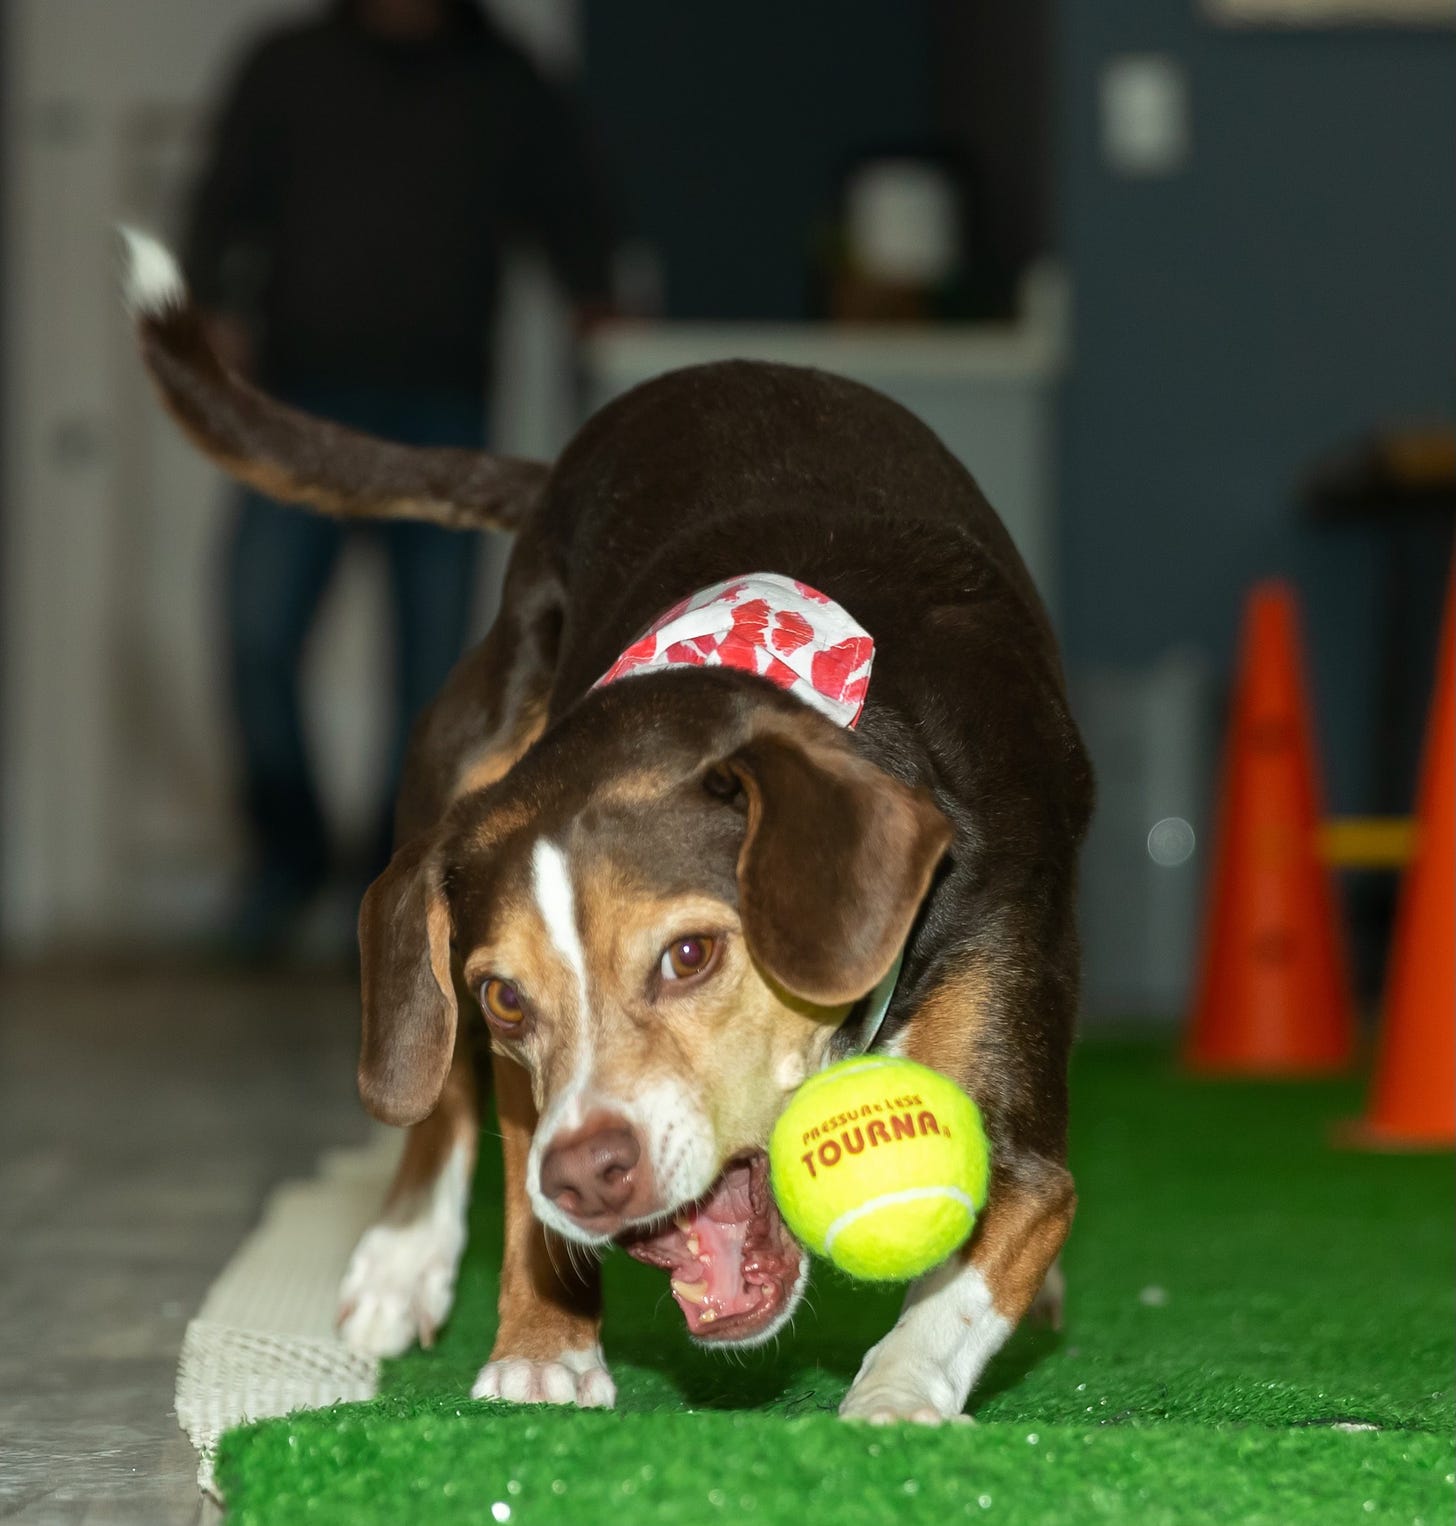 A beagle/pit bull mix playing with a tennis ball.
--
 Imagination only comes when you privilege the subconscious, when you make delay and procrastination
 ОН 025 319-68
...
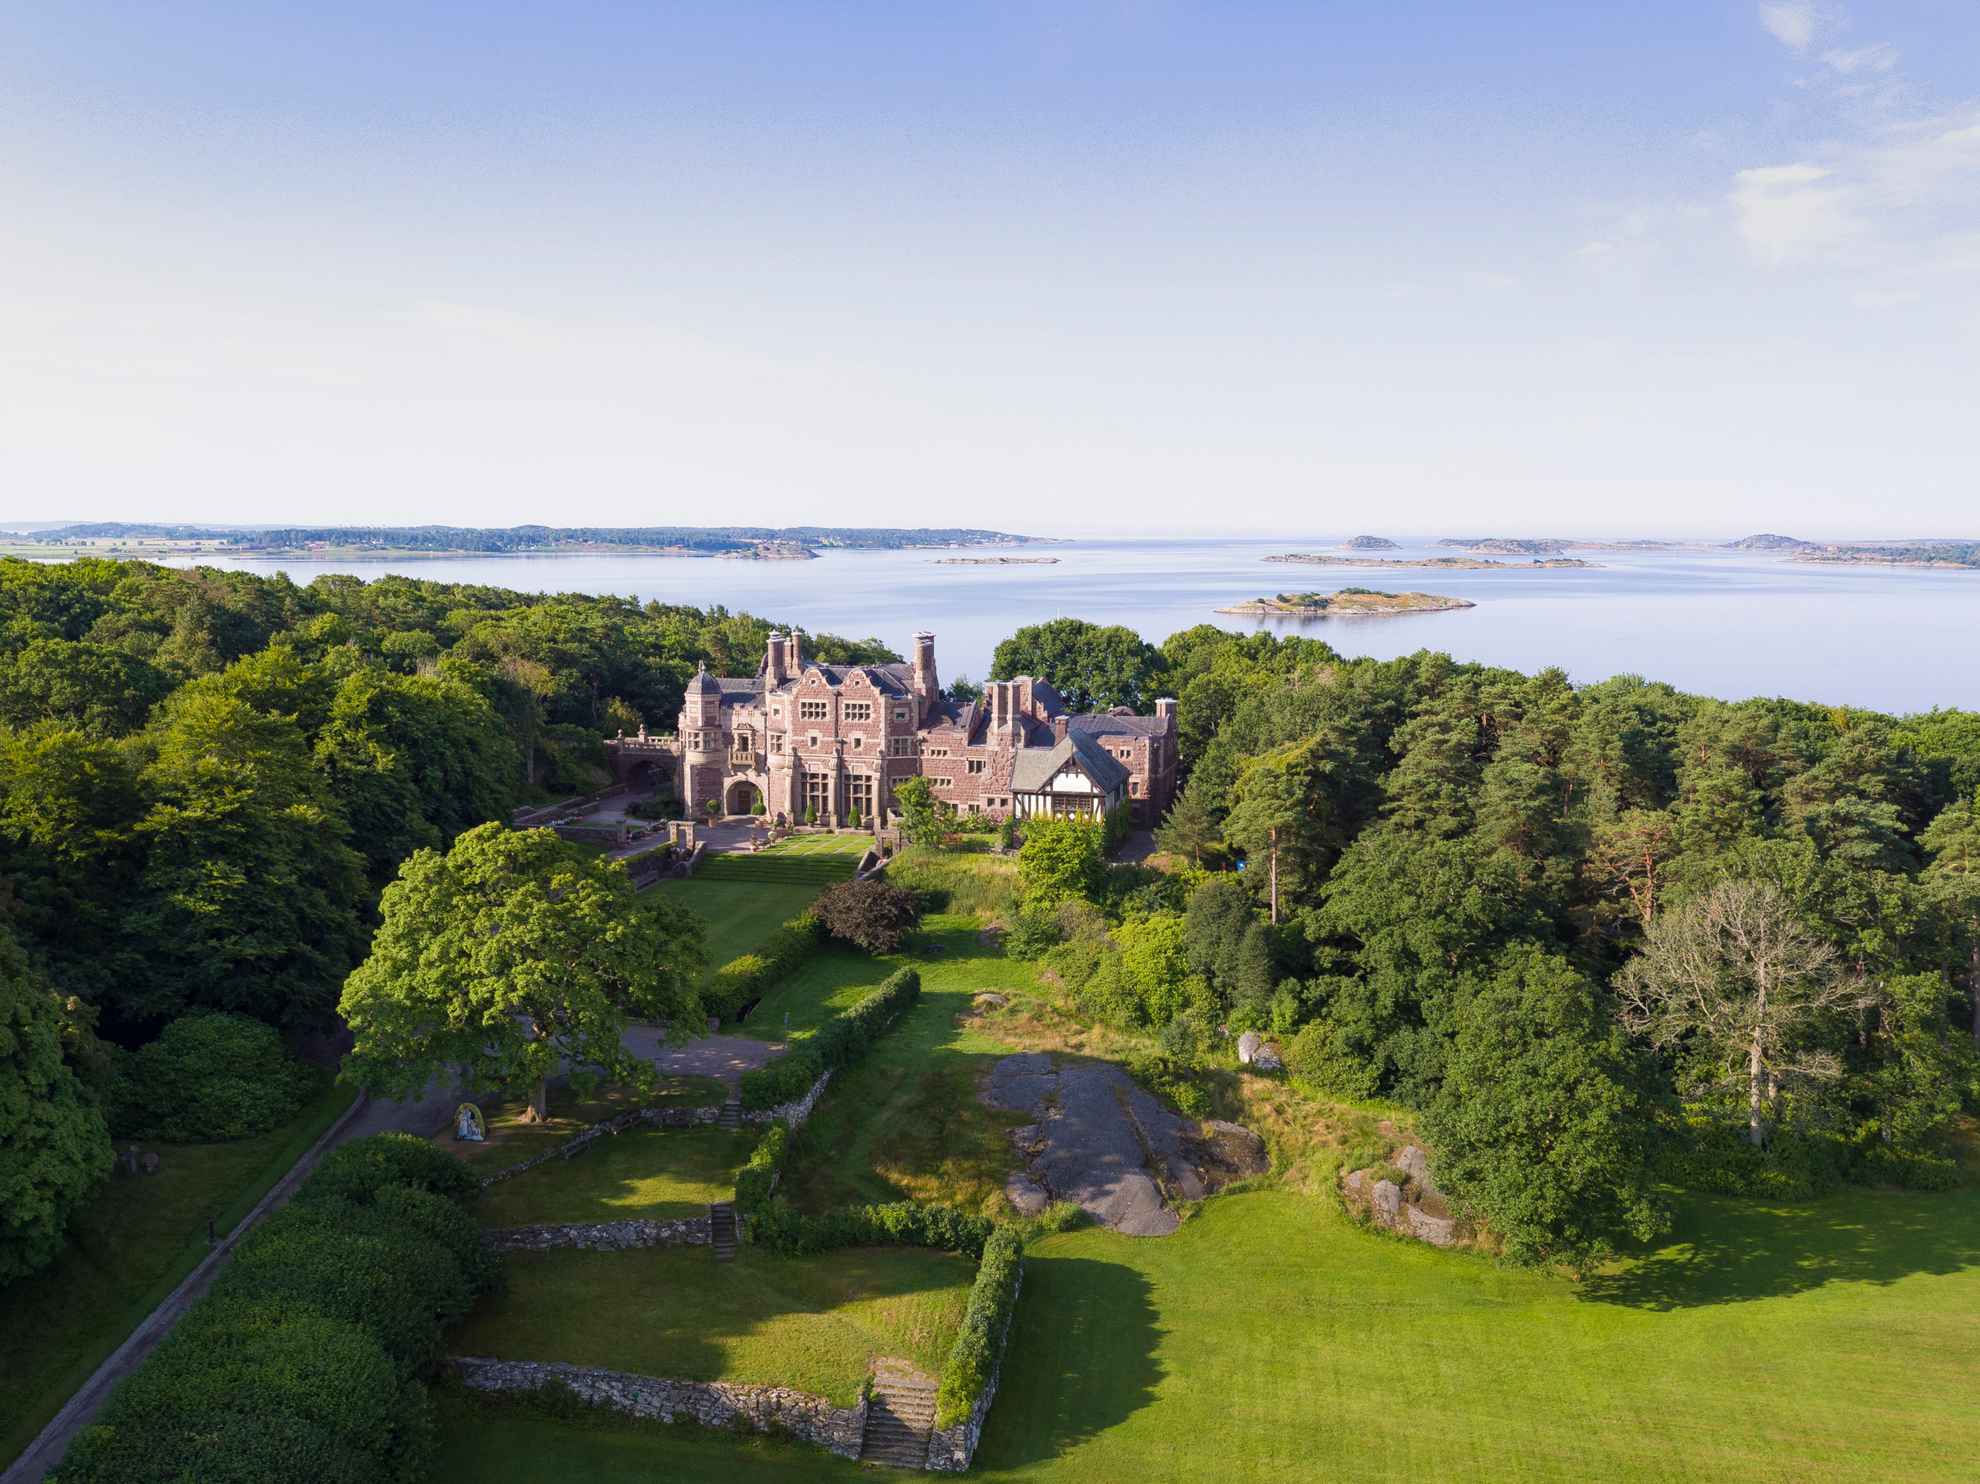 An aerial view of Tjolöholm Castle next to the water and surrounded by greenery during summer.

What you have to do » Repeat, character for character, the lines of the material above from the line with "Imagination only comes" through the line with "ОН 025 319-68".

Task answer »
 Imagination only comes when you privilege the subconscious, when you make delay and procrastination
 ОН 025 319-68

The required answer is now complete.